如果不是我亲眼见证荒野之外的妖魔鬼怪,也不会对此充满着好奇与敬畏。

回想那玄奥诡异的命理风水,就像打开了我另外一扇门。

爷爷因此落下病根,双腿不利索,养活全家的重担交在了我的身上,为了吃饭,我整天出去捡垃圾,收破烂,身上总会有一股怪味儿,同学们的嘲笑,使我非常厌学,想过辍学。

可对爷爷的麻衣术数,我始终念念不忘,在我不懈努力下,爷爷终于答应教我。

不过,爷爷要我好好读书,考上大学,并且十八岁之前,绝对不准显露本事,更不准为人摸骨算命、看相占卜,风水立向,否则会有很大的麻烦。

我满口答应他的要求,整整兴奋的一夜未睡。

从那天开始,我每天都要背诵基础知识,学习相术、卜术。

我们麻衣派看人主要分“骨相”、“皮相”、“血相”,祖师是麻衣道人,传说祖师爷曾经是为僧人,后来入了道家,佛道兼修创下千古奇书“麻衣神相”。

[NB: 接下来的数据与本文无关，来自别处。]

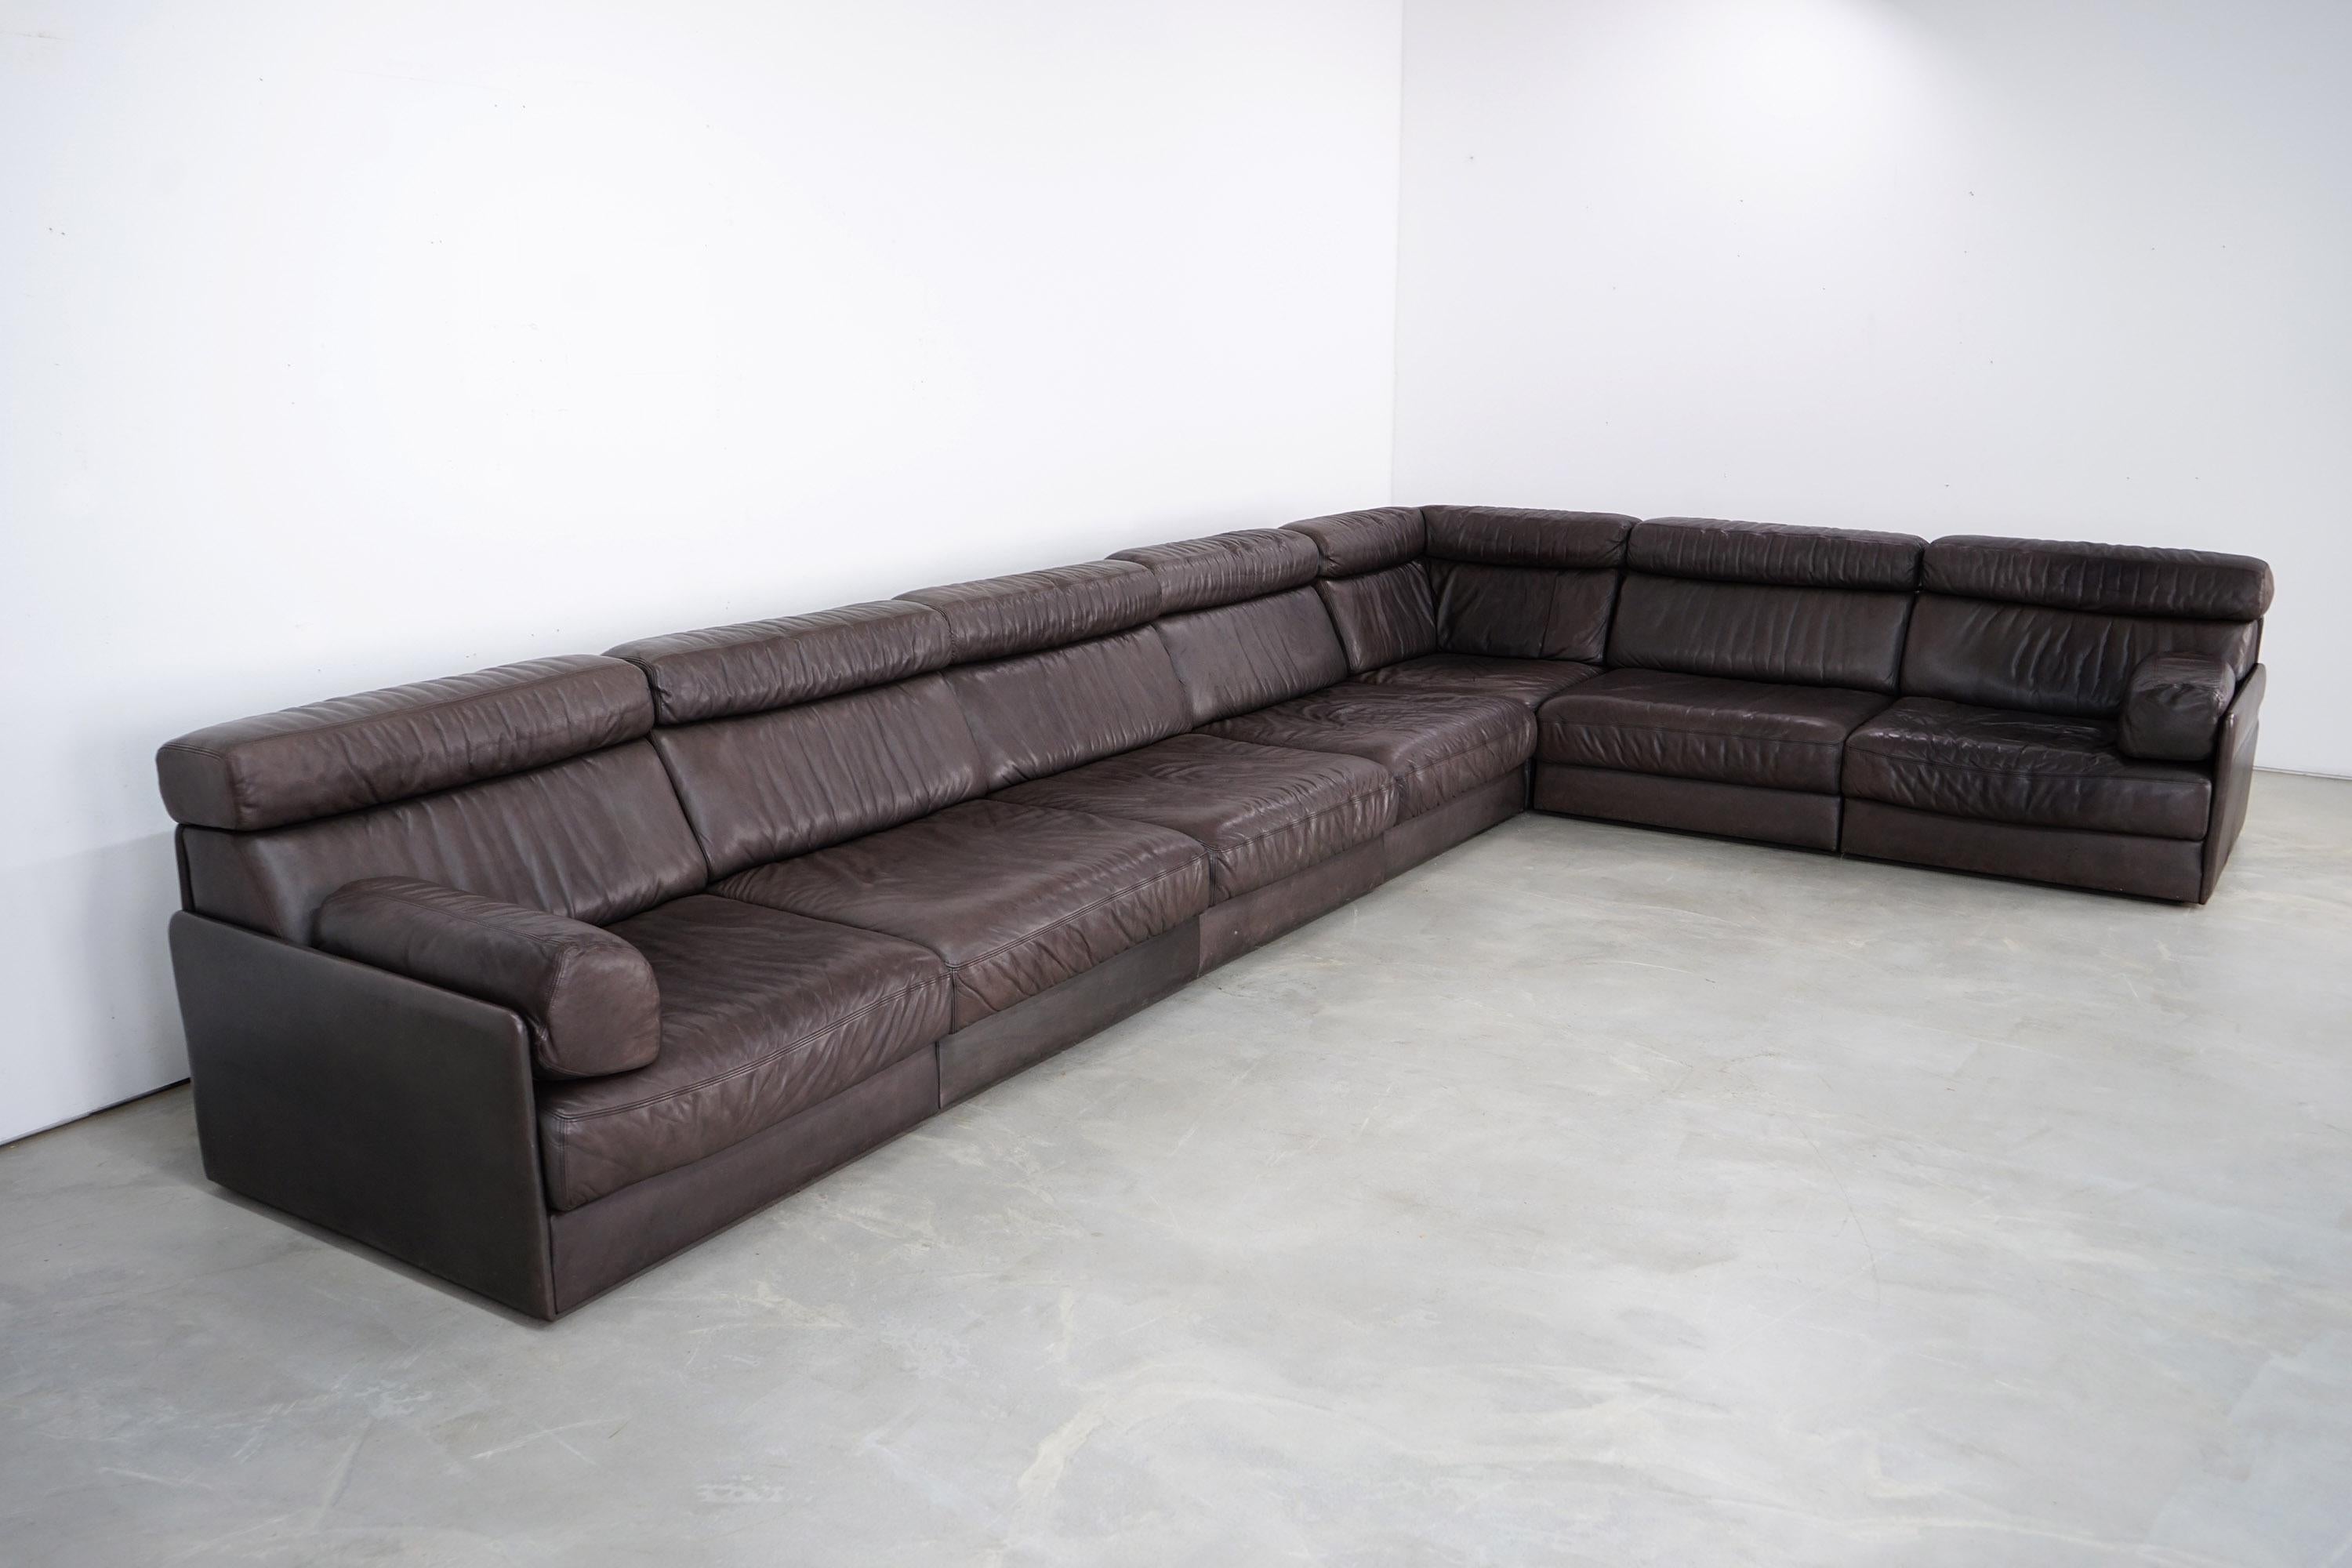 Swiss Desede DS-76 Brown Leather Sofa, Daybed, Seven Units

虽然有句老话讲,相由心生,好人坏人的确能在面相中分辨出来,但谁又能保证好人不会生出邪念?所以,爷爷要我别太依赖相术识人。

我有问过爷爷,为什么不能以相术谋生?

他老人家告诉我,因为这辈子泄露天机太多,命里只剩一卦,会在我十八岁那年留给我!

我当时就哭了,说您老人家可千万别死啊,我在这个世上就您这么一个亲人了。

爷爷没搭理我,有些事情他早已经做好打算。

我记得小时候的冬天特别冷,买不起煤,我就去锅炉房捡煤砟,吃不起饭,就出去要饭。

好在天无绝人之路,我们家附近新开一家东北餐馆。老板娘叫王娇,她见我可怜,就把我带到餐馆,特意让后厨多给我几个馒头,还告诉我,如果不嫌弃,以后每天晚上九点以后都可以来领剩饭。

说是剩饭,可每次王姨都用干净的饭盒装好。

她让我保留最后一丝自尊。

靠着王姨的帮助,我和爷爷总算能活下来。

更巧合的是,我和王姨的女儿在一所学校读书。

她叫张娜,我们是同班同学,她不仅人长得漂亮,心地特别善良。

她经常会帮助我补课,在我心里早已深深喜欢上这个女孩儿,我有一个很强的信念,一定要和她上同一所学校。

高中三年不懈努力,我对自己的成绩很有信心,可天意弄人,偏偏发布成绩前夕,发生一件改变我命运的事情。